I want to thank members for their contributions to the second reading debate on the Home Affairs Legislation Amendment (Miscellaneous Measures) Bill 2018. The bill will amend several provisions in the Migration Act 1958, the Customs Act 1901 and the Passenger Movement Charge Collection Act 1978. Amendments to the Migration Act 1958 in the bill will ensure that, when an unlawful noncitizen is in the process of being removed to another country under section 198 of this act and the removal is aborted, or completed but the person is not permitted entry into the destination country and, as a direct result, is returned to Australia, that person has a lawful basis to return to Australia without a visa. It will also allow the Department of Home Affairs to use an online account, such as an ImmiAccount, to provide clients with certain legally required communications and ensure that documents provided in this way are taken to be received at the end of the day on which they are made available through their ImmiAccount.
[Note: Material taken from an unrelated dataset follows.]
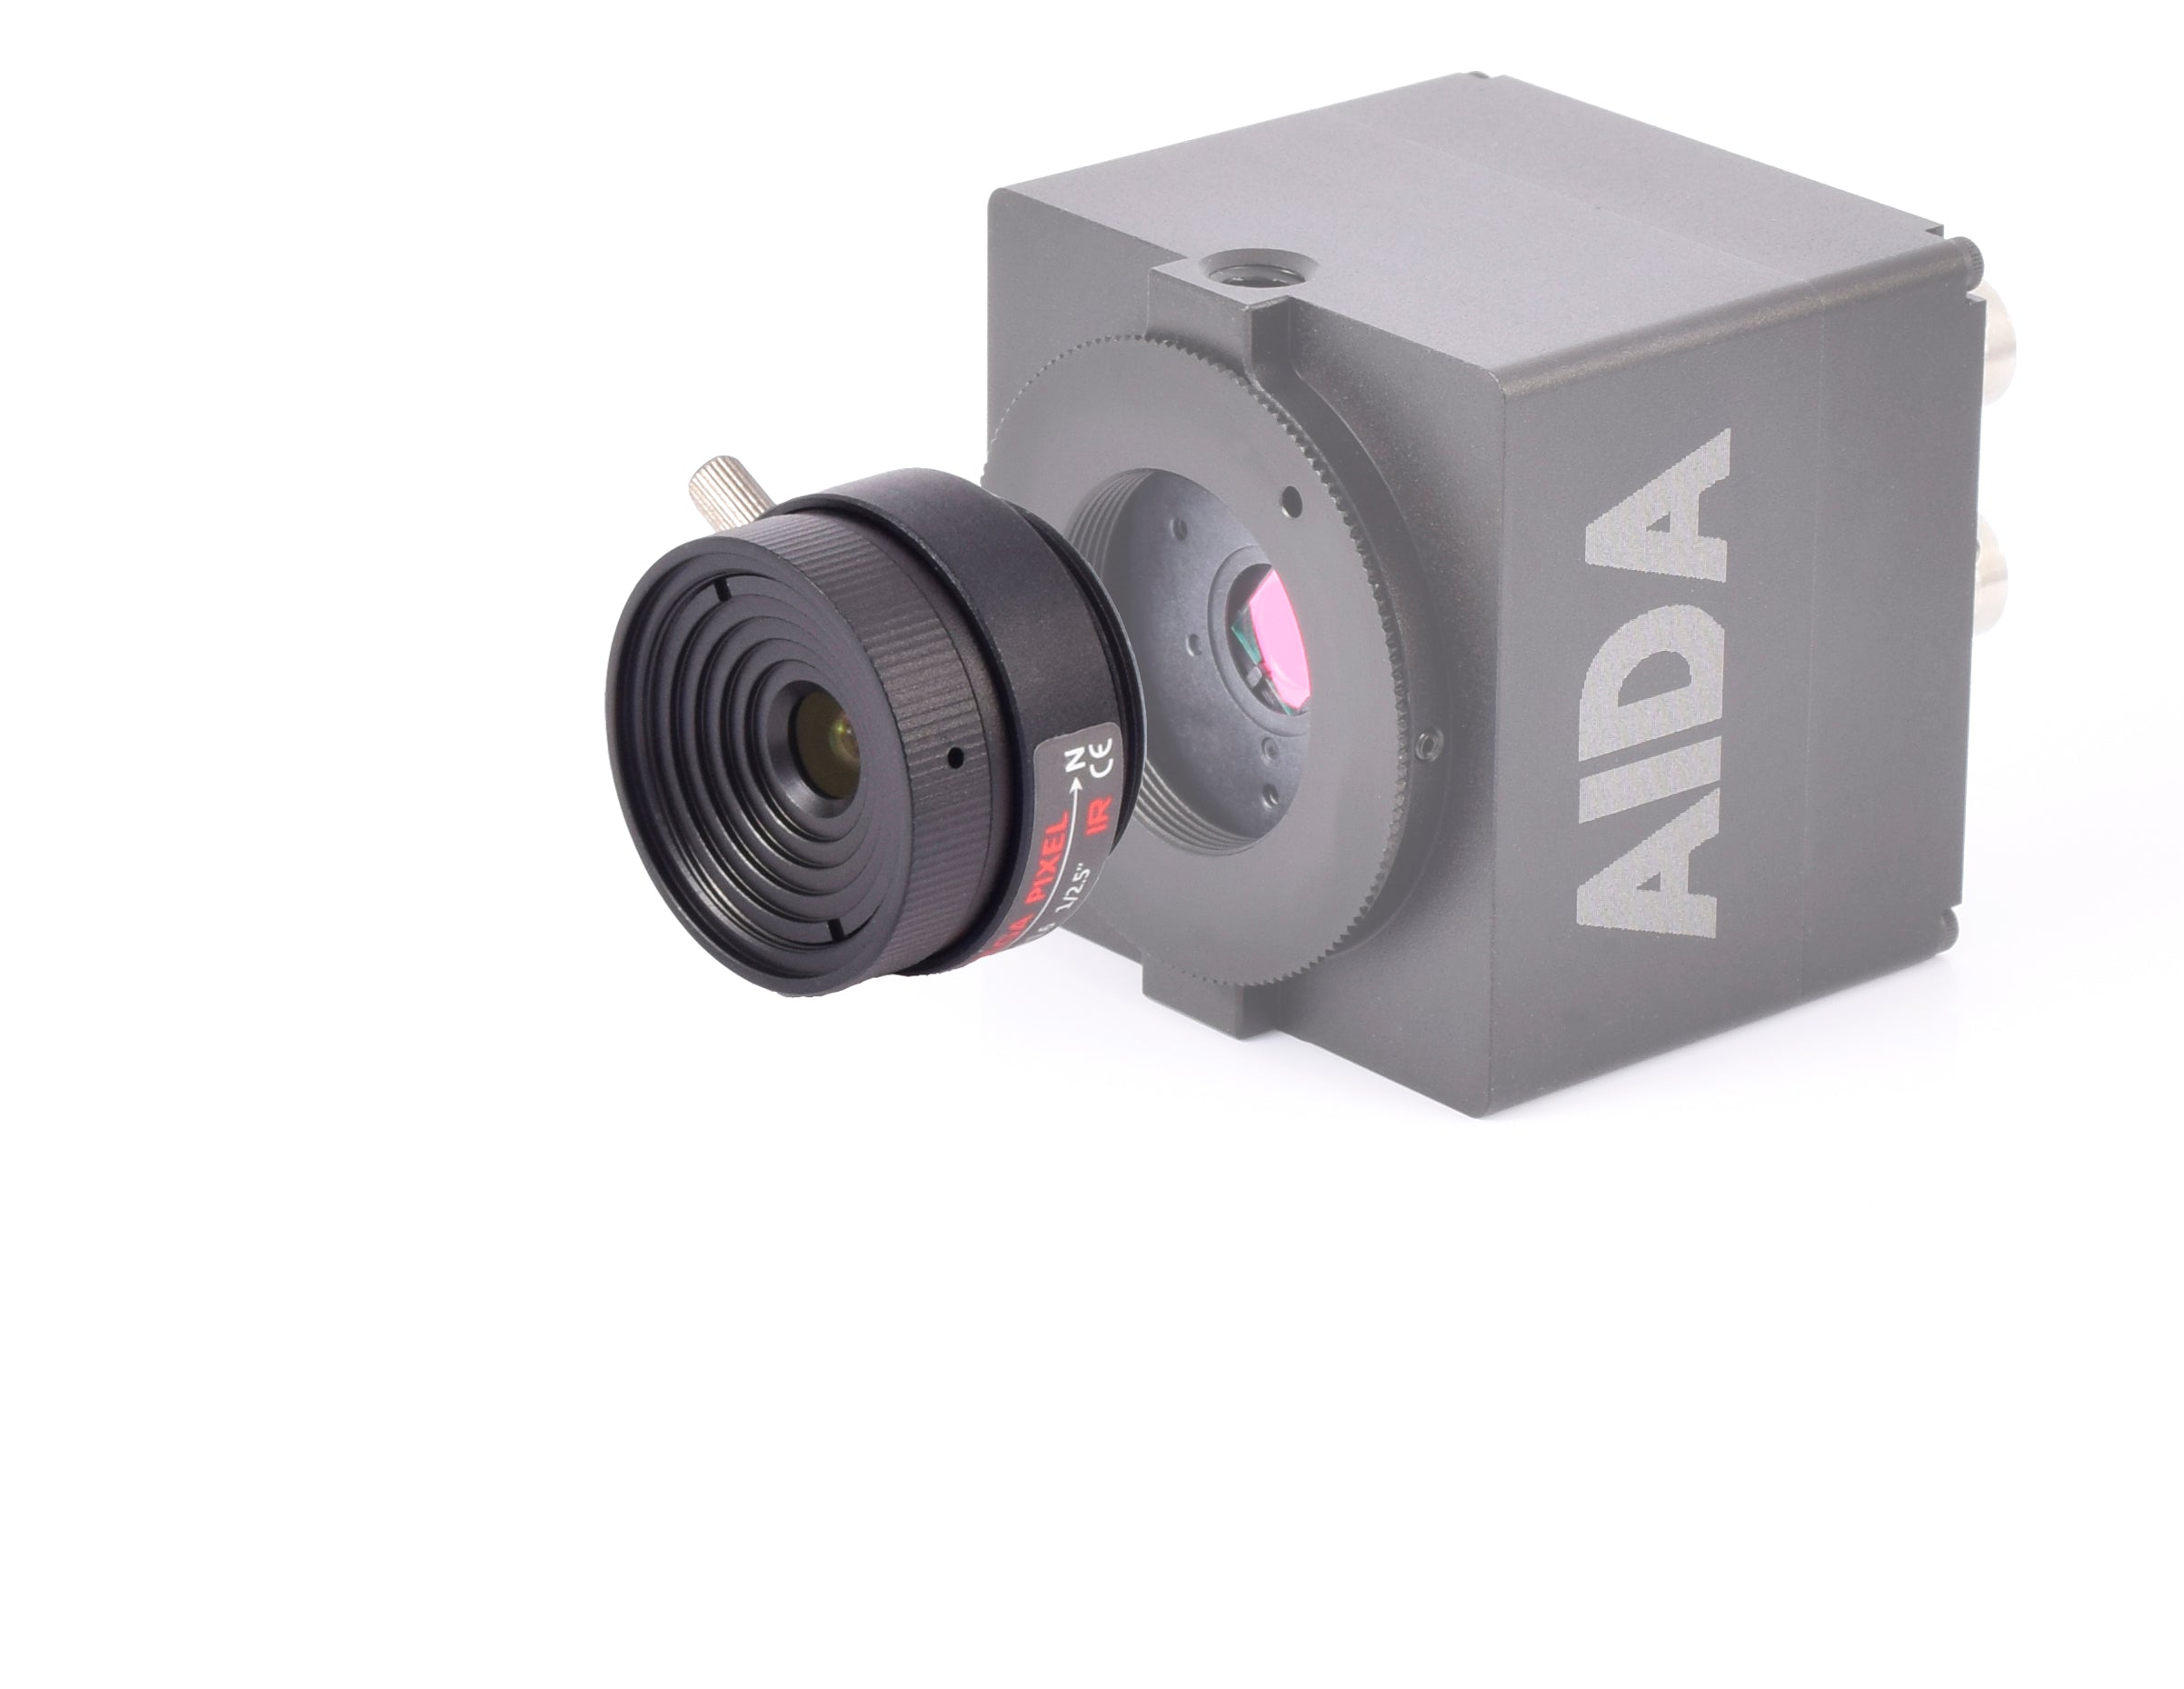 AIDA Imaging CS Mount 6mm Fixed Focal Mega-Pixel Lens

The bill also amends the Customs Act 1901 to insert a new provision similar to section 15C of the Taxation Administration Act 1953 to allow the Department of Home Affairs to make a recoverable payment to a person to whom it is entitled under the law of customs. It will also ensure that section 58A operates as originally intended to control the movement of persons and goods between sea installations installed in an adjacent area and coastal area of Australia or a resources installation attached to the Australian seabed and an external place. It will also ensure that section 208DA operates as originally intended in relation to the disposal of narcotic-related goods other than narcotic goods.
The bill will also amend the Passenger Movement Charge Collection Act 1978 to insert a new head of power so that regulations can prescribe the charging and recovery of fees for and in relation to the payment of the passenger movement charge or an amount equal to the charge. These amendments will improve systems and processes to benefit the Department of Home Affairs and its clients. I trust this bill will have the support of members, and I commend it to the House.
Question agreed to.
Bill read a second time.
Message from the Governor-General recommending appropriation announced.